(DATA PROVIDED):

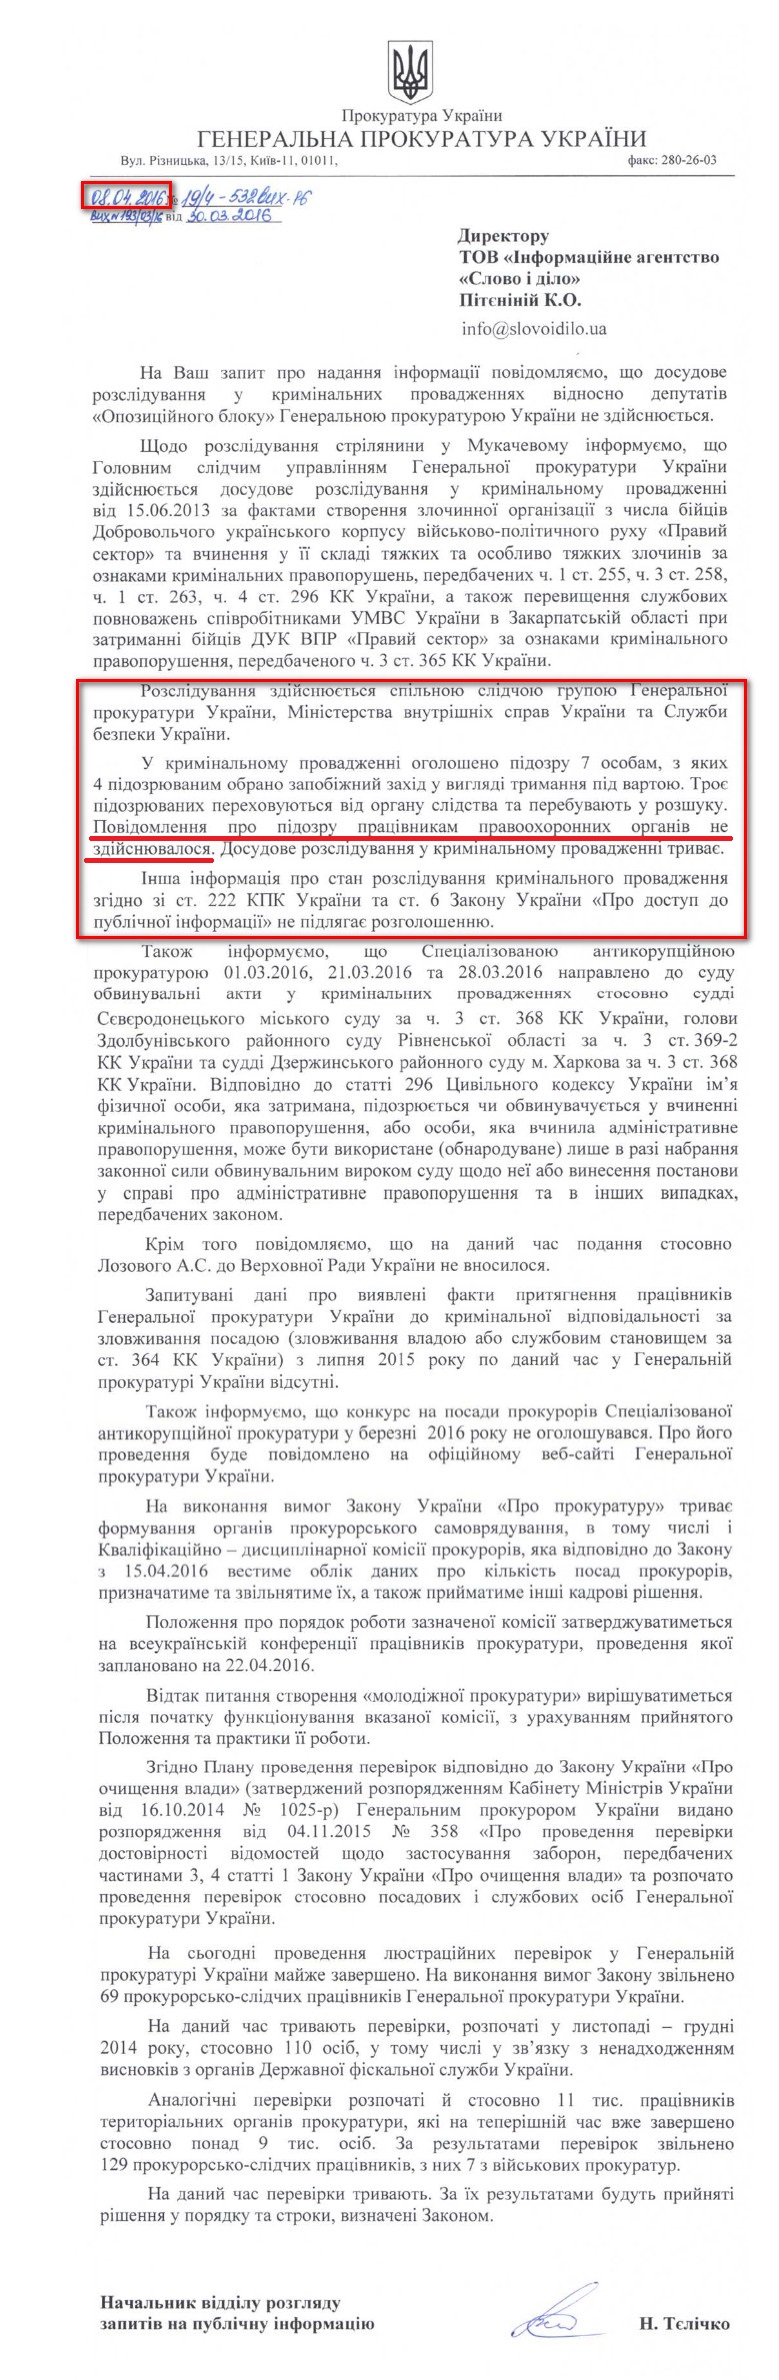 Лист начальника відділу розгляду запитів на публічну інформацію ГПУ Тєлічко Н. від 8 квітня 2016 року
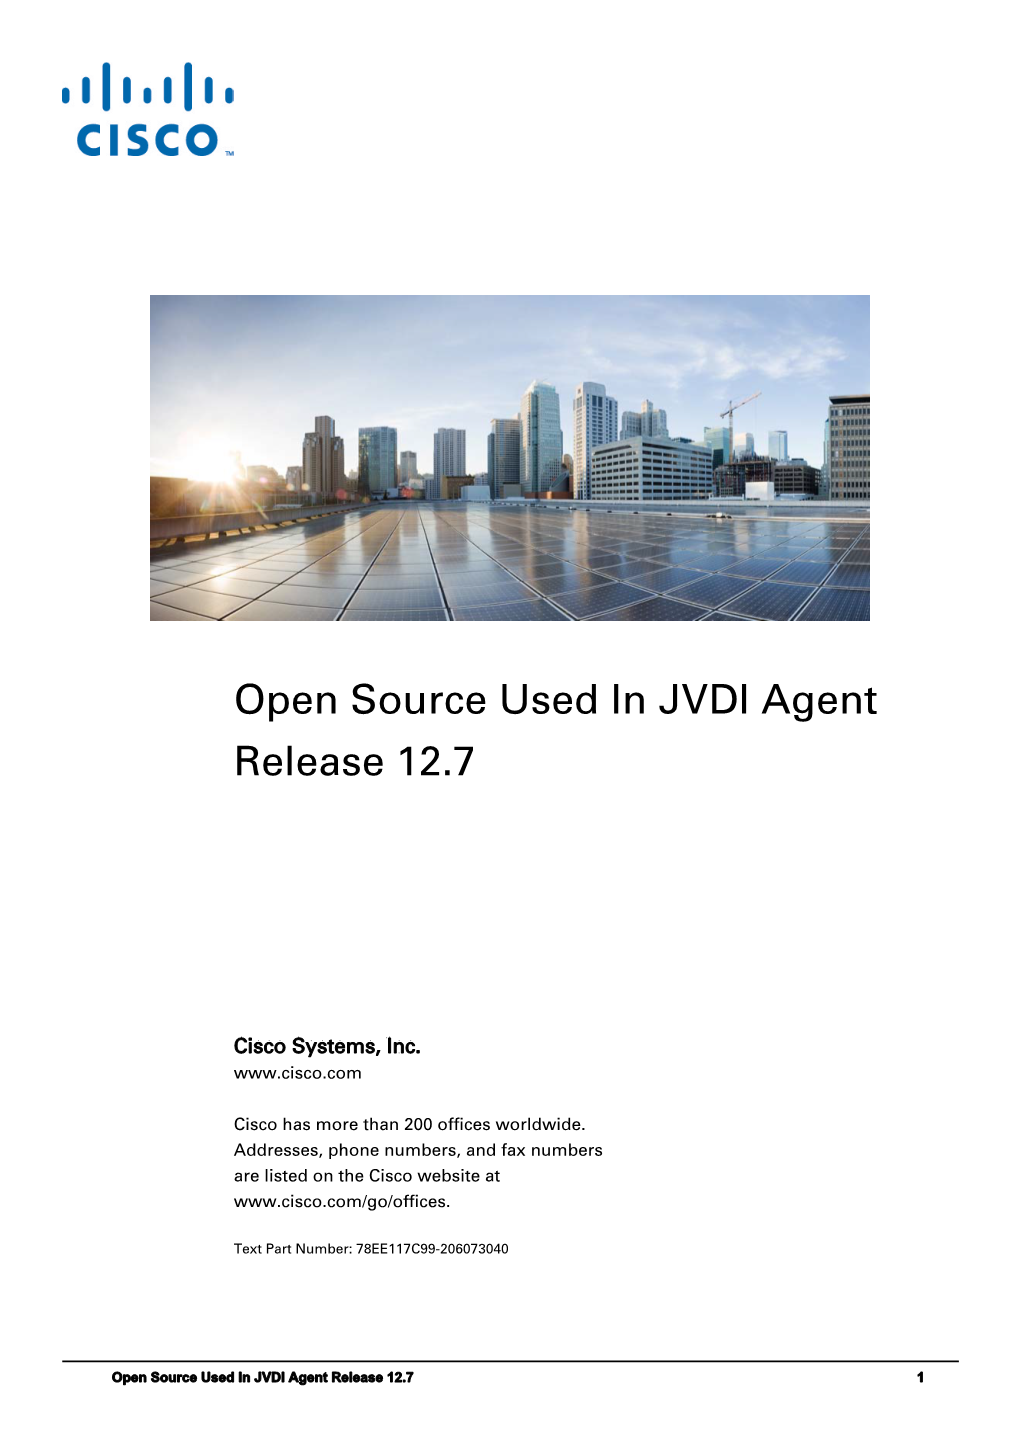 Licensing Information for Cisco JVDI Agent Release 12.7
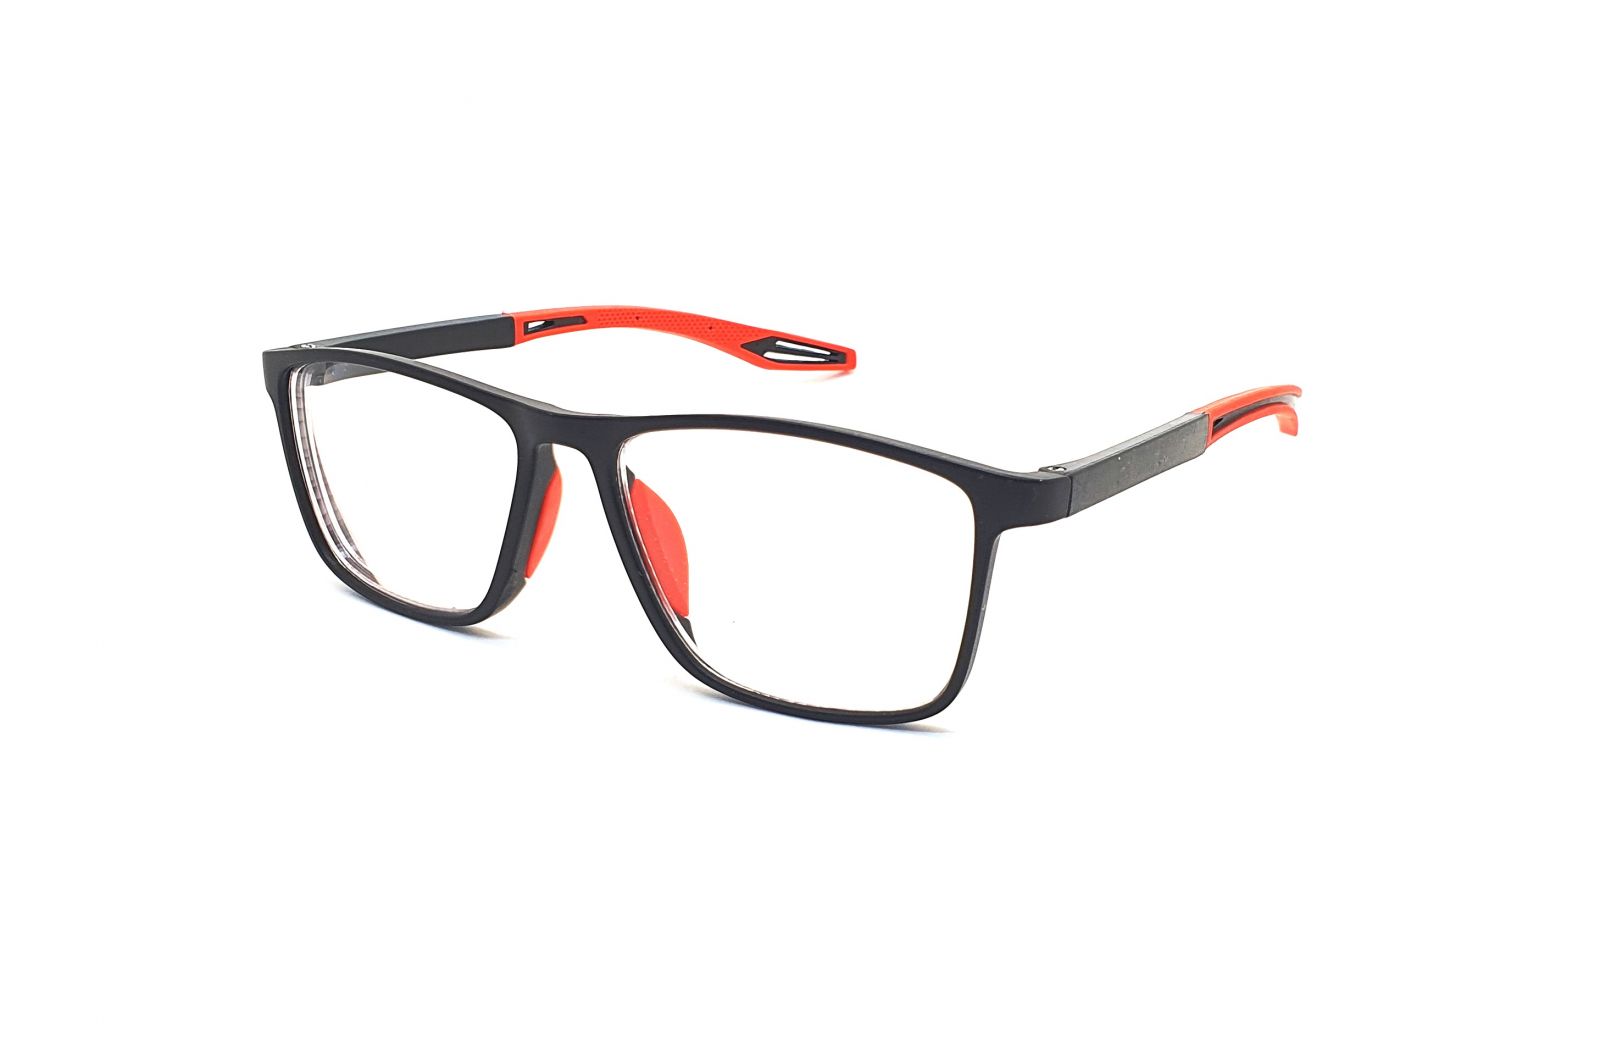 Samozabarvovací dioptrické brýle F04 / +2,50 black/red

(PROBLEM DETAILS):
Where the line with "Licensing Information for" appears, begin there and transcribe exactly through the last line of the data, leaving all pictures aside.

(TASK ANSWER):
 Licensing Information for Cisco JVDI Agent Release 12.7
 Samozabarvovací dioptrické brýle F04 / +2,50 black/red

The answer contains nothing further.